Quoting Timur Tabi (2018-06-22 08:41:11) > On 6/22/18 10:38 AM, Stanimir Varbanov wrote: > > Before entering into the read function we already hold a mutex which > > serializes data reading so I cannot imagine how below sequence could > > happen. Can you explain how to reproduce this race? > > > >> 1. Core 1 reads status register, shows data is available. > >> 2. Core 2 also reads status register, same result > >> 3. Core 2 reads data register, depleting all entropy > >> 4. Core 1 reads data register, which returns 0 > > I have a test which spawns 100 copies of rngtest on a 48-core machine. > Without the spinlock, the driver returns no data much more often. > > If there really is a mutex that serializes data reads across all cores, > then I don't have an explanation. > Perhaps it's because you implemented the 'wait' functionality in this driver? Before the patch there wasn't any sort of wait check so we would bail out if there wasn't any data even if the caller requested that we wait for randomness to be available. -- To unsubscribe from this list: send the line "unsubscribe linux-arm-msm" in the body of a message to majordomo@vger.kernel.org More majordomo info at http://vger.kernel.org/majordomo-info.html
On 6/22/18 12:51 PM, Stephen Boyd wrote: > Perhaps it's because you implemented the 'wait' functionality in this > driver? Before the patch there wasn't any sort of wait check so we would > bail out if there wasn't any data even if the caller requested that we > wait for randomness to be available. No, my tests showed the race condition (or at least something that looks like a race condition) even without the 'wait' feature. I added support for 'wait' only recently, but I've been working with the crypto people for a month on everything else.

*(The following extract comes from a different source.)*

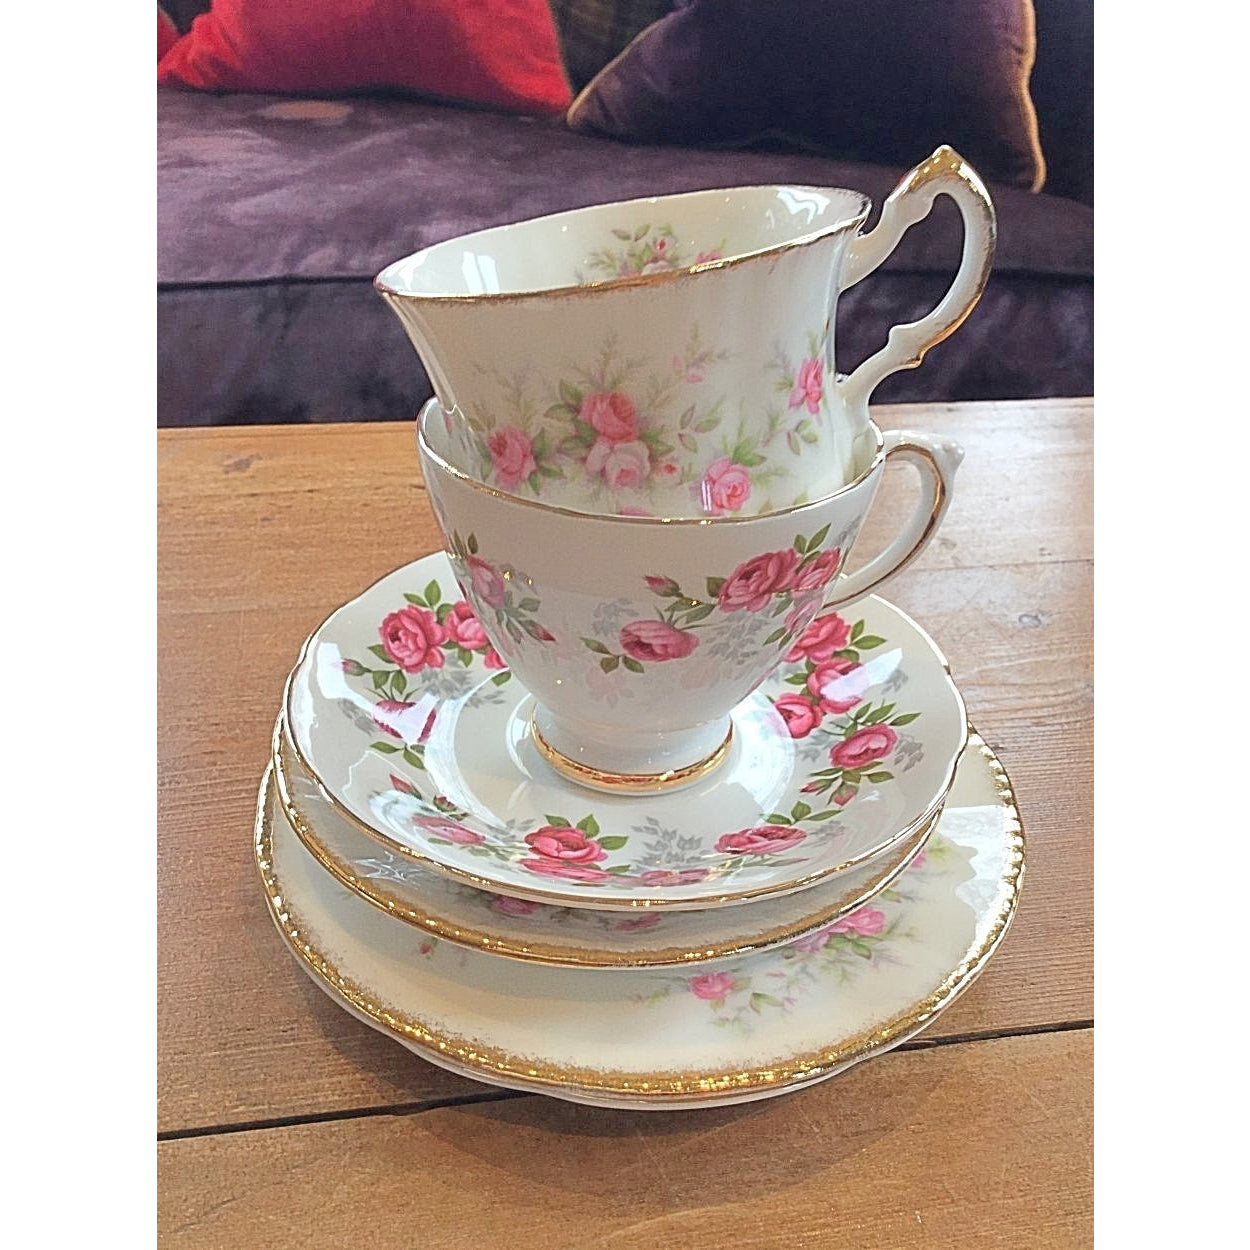 Fine bone china vintage english tea cups and saucers

On 06/22/2018 01:03 PM, Timur Tabi wrote: > >> Perhaps it's because you implemented the 'wait' functionality in this >> driver? Before the patch there wasn't any sort of wait check so we would >> bail out if there wasn't any data even if the caller requested that we >> wait for randomness to be available. > > No, my tests showed the race condition (or at least something that looks > like a race condition) even without the 'wait' feature. I added support > for 'wait' only recently, but I've been working with the crypto people > for a month on everything else. Looks like I was wrong. I created some new tests to reproduce the problem, but I can't reproduce it any more. I can only assume that what I saw as a race condition back then was something else entirely. So all of the spinlock code needs to go. It looks like at this point, if Vinod can add support for QCOM8160 to his patches, the only thing I can contribute is support for 'wait'.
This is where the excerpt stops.